解决方案可以是循环或其他有效的方式来顺序移动观察(通过'Segment','Species','Date')来重新编码观察,基于它是在特定事件之前还是之后发生(在这种情况下,第一次'Code'被记录为“b3”)。
对于横断面和物种的任何给定区段,原始数据中的代码可能如下所示:
Date Segment Species Code
26/05/2017 1 A K
01/06/2017 1 A b1
06/06/2017 1 A b1
10/06/2017 1 A b2
14/06/2017 1 A b2
19/06/2017 1 A b2
23/06/2017 1 A b3
28/06/2017 1 A b3
03/07/2017 1 A b2
08/07/2017 1 A b2
14/07/2017 1 A b1
19/07/2017 1 A b4
如果我考虑在赛季前使用数据,我会使用类似的编码系统:
K = flower bud
b1a = single flower
b2a = sparse flowers (two or three)
b3 = flowers common (more than three)
b2b = sparse flowers (two or three)
b1b = single flower
B4 = flowering ended
通过对代码的这些更改,上面的示例数据将如下所示:
Date Segment Species Code
26/05/2017 1 A K
01/06/2017 1 A b1a
06/06/2017 1 A b1a
10/06/2017 1 A b2a
14/06/2017 1 A b2a
19/06/2017 1 A b2a
23/06/2017 1 A b3
28/06/2017 1 A b3
03/07/2017 1 A b2b
08/07/2017 1 A b2b
14/07/2017 1 A b1b
19/07/2017 1 A b4
此外,我必须重新编码历史数据集,因此任何解决方案对两者都至关重要。
注意:非常重要的是,在第一次时间之后,在“b1”或“b2”附加“a”到“b”后切换遇到'b3'。这很重要,因为有时花的数据丰度在生长季节会波动。例如:
Date Segment Species Code
01-Jun-17 1 A b1
06-Jun-17 1 A b1
10-Jun-17 1 A b2
14-Jun-17 1 A b2
19-Jun-17 1 A b3
23-Jun-17 1 A b3
28-Jun-17 1 A b2 # appears out of the "ideal" sequence
02-Aug-17 1 A b3
07-Aug-17 1 A b2 # appears out of the "ideal" sequence
12-Aug-17 1 A b3
17-Aug-17 1 A b2
22-Aug-17 1 A b1 # appears out of the "ideal" sequence
27-Aug-17 1 A b2
02-Sep-17 1 A b1
07-Sep-17 1 A b4
在这种情况下,数据看起来像:
Date Segment Species Code
01-Jun-17 1 A b1a
06-Jun-17 1 A b1a
10-Jun-17 1 A b2a
14-Jun-17 1 A b2a
19-Jun-17 1 A b3
23-Jun-17 1 A b3
28-Jun-17 1 A b2b
02-Aug-17 1 A b3
07-Aug-17 1 A b2b
12-Aug-17 1 A b3
17-Aug-17 1 A b2b
22-Aug-17 1 A b1b
27-Aug-17 1 A b2b
02-Sep-17 1 A b1b
07-Sep-17 1 A b4
最后一点。
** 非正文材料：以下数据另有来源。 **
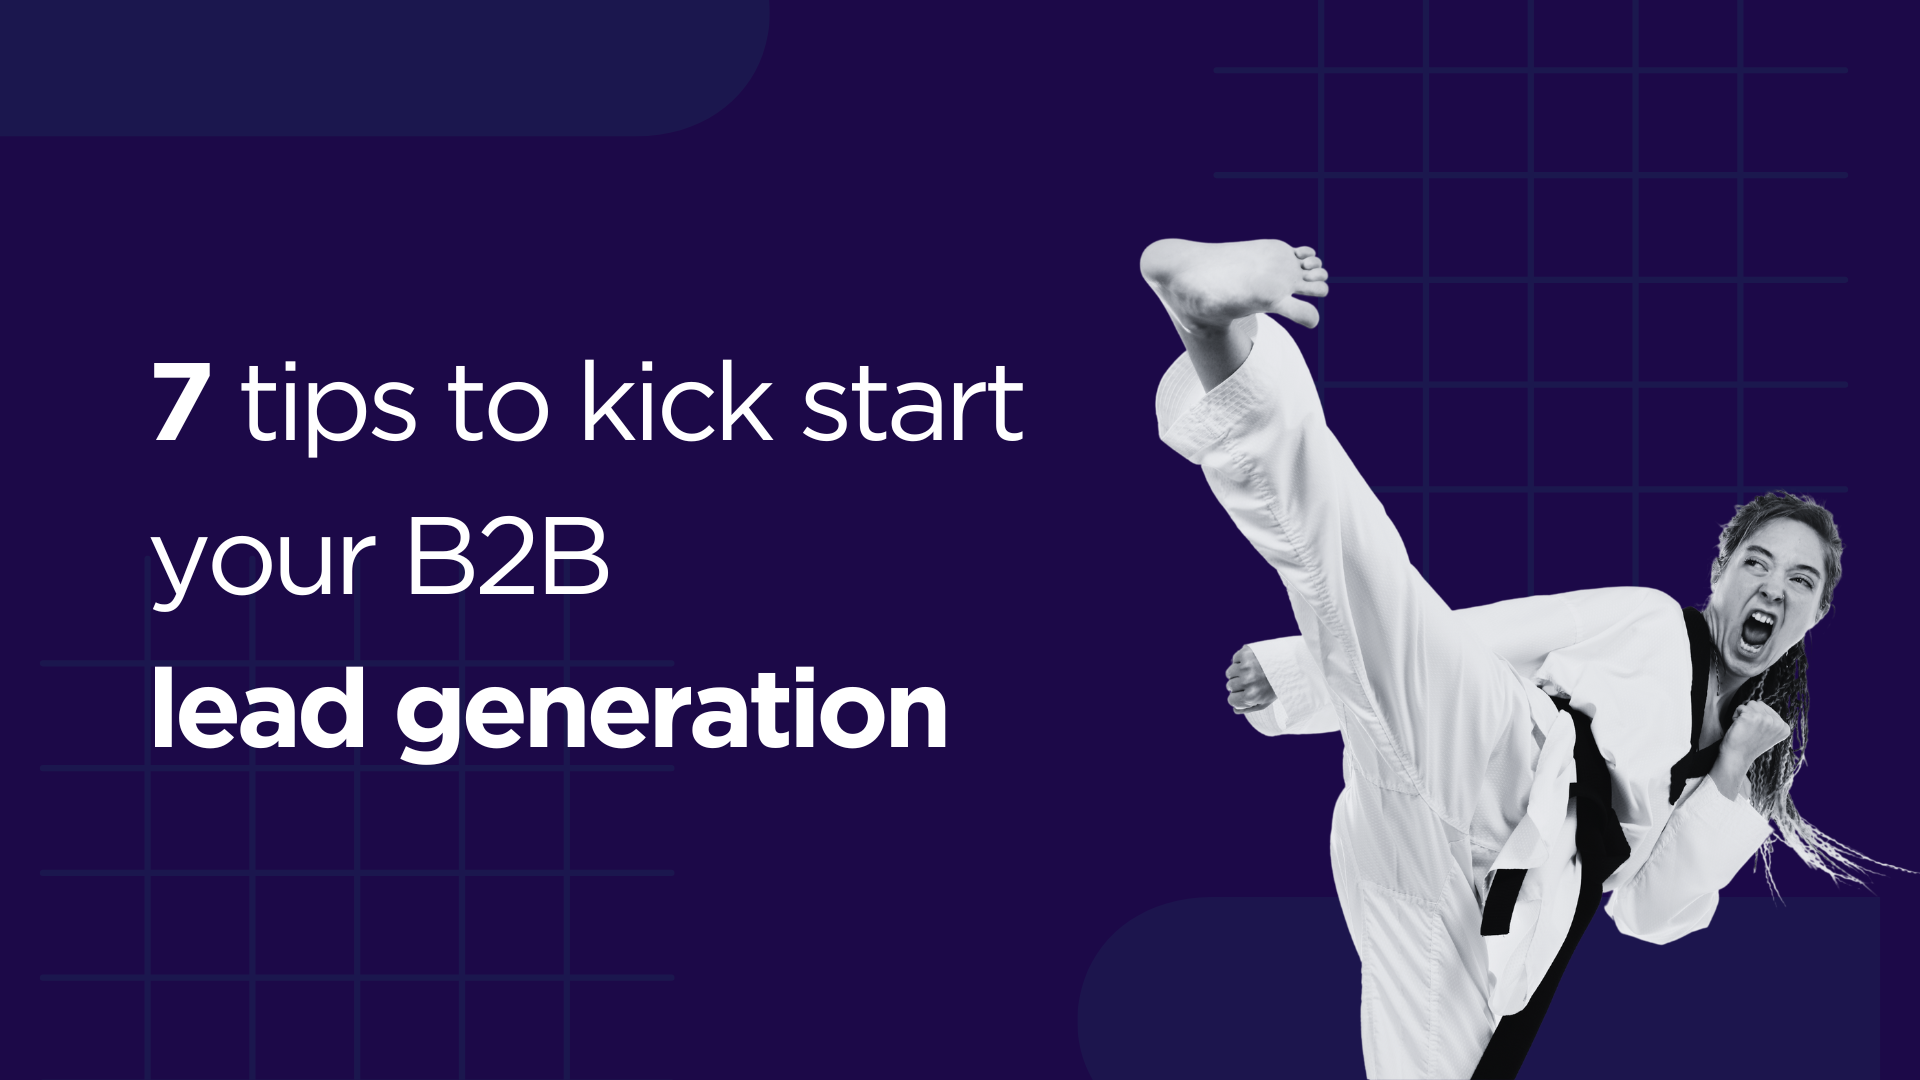 7 tips to kick start your B2B lead generation
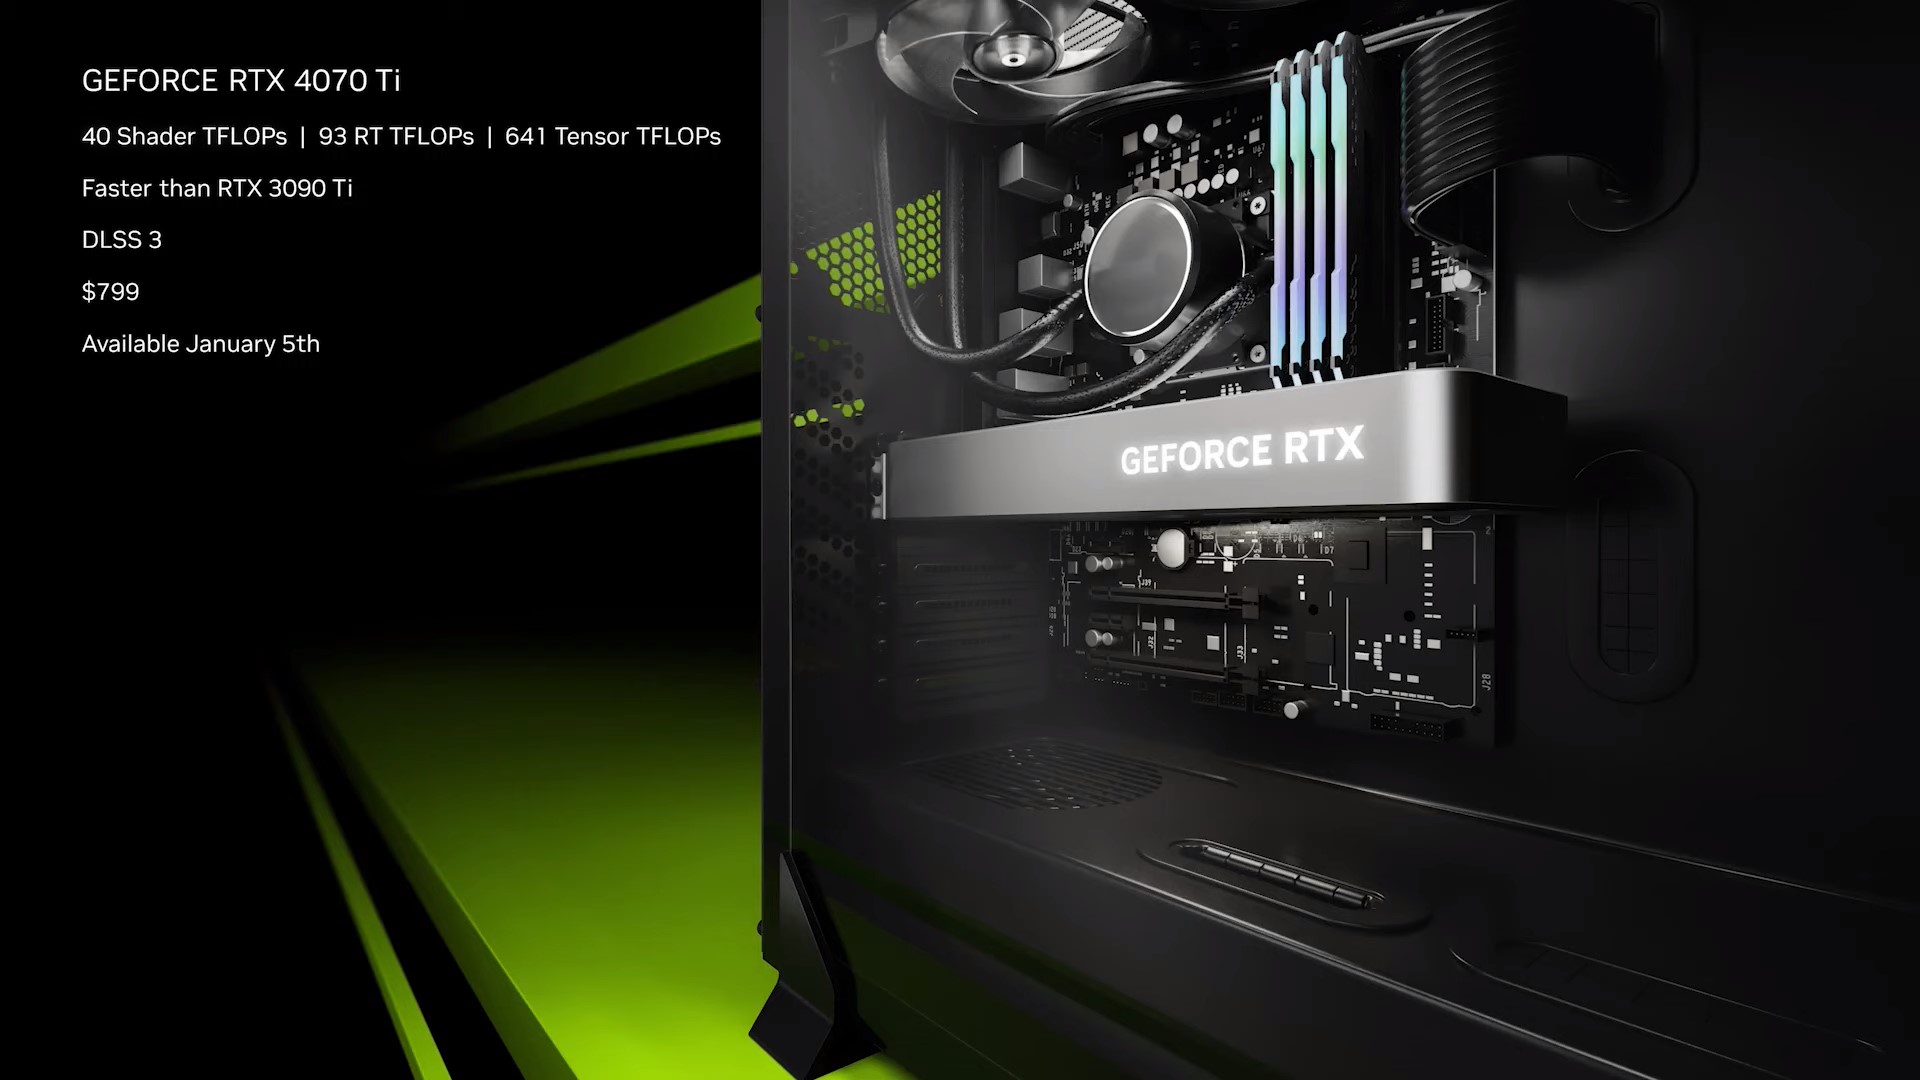 NVIDIA GeForce RTX 4070 Ti

由于北极地区的生长季节很短,并不是每个开花期(=代码)都发生在一个区域内的每个物种。
示例数据:
DT <- structure(list(Date = structure(c(17312, 17318, 17323, 17327,
17331, 17336, 17340, 17345, 17350, 17355, 17361, 17366, 17312,
17318, 17323, 17327, 17331, 17336, 17340, 17345, 17350, 17355,
17361, 17366, 17370, 17375, 17350, 17355, 17361, 17366, 17370,
17312, 17318, 17323, 17327, 17331, 17336, 17340, 17345, 17350,
17355, 17361, 17366, 17312, 17318, 17323, 17327, 17331, 17336,
17340, 17345, 17350, 17355, 17361, 17366, 17355, 17361, 17366,
17370, 17375, 17318, 17323, 17327, 17331, 17336, 17340, 17345,
17380, 17385, 17390, 17395, 17400, 17405, 17411, 17416, 17318,
17323, 17327, 17331, 17336, 17340, 17345, 17380, 17385, 17390,
17395, 17400, 17405, 17411, 17416, 17318, 17323, 17327, 17331,
17336, 17340, 17345, 17380, 17385, 17390, 17395, 17400, 17405,
17411, 17416), class = "Date"), Segment = c(1, 1, 1, 1, 1, 1,
1, 1, 1, 1, 1, 1, 1, 1, 1, 1, 1, 1, 1, 1, 1, 1, 1, 1, 1, 1, 1,
1, 1, 1, 1, 2, 2, 2, 2, 2, 2, 2, 2, 2, 2, 2, 2, 2, 2, 2, 2, 2,
2, 2, 2, 2, 2, 2, 2, 2, 2, 2, 2, 2, 3, 3, 3, 3, 3, 3, 3, 3, 3,
3, 3, 3, 3, 3, 3, 3, 3, 3, 3, 3, 3, 3, 3, 3, 3, 3, 3, 3, 3, 3,
4, 4, 4, 4, 4, 4, 4, 4, 4, 4, 4, 4, 4, 4, 4), Species = c("A",
"A", "A", "A", "A", "A", "A", "A", "A", "A", "A", "A", "B", "B",
"B", "B", "B", "B", "B", "B", "B", "B", "B", "B", "B", "B", "C",
"C", "C", "C", "C", "A", "A", "A", "A", "A", "A", "A", "A", "A",
"A", "A", "A", "B", "B", "B", "B", "B", "B", "B", "B", "B", "B",
"B", "B", "C", "C", "C", "C", "C", "A", "A", "A", "A", "A", "A",
"A", "A", "A", "A", "A", "A", "A", "A", "A", "B", "B", "B", "B",
"B", "B", "B", "B", "B", "B", "B", "B", "B", "B", "B", "A", "A",
"A", "A", "A", "A", "A", "A", "A", "A", "A", "A", "A", "A", "A"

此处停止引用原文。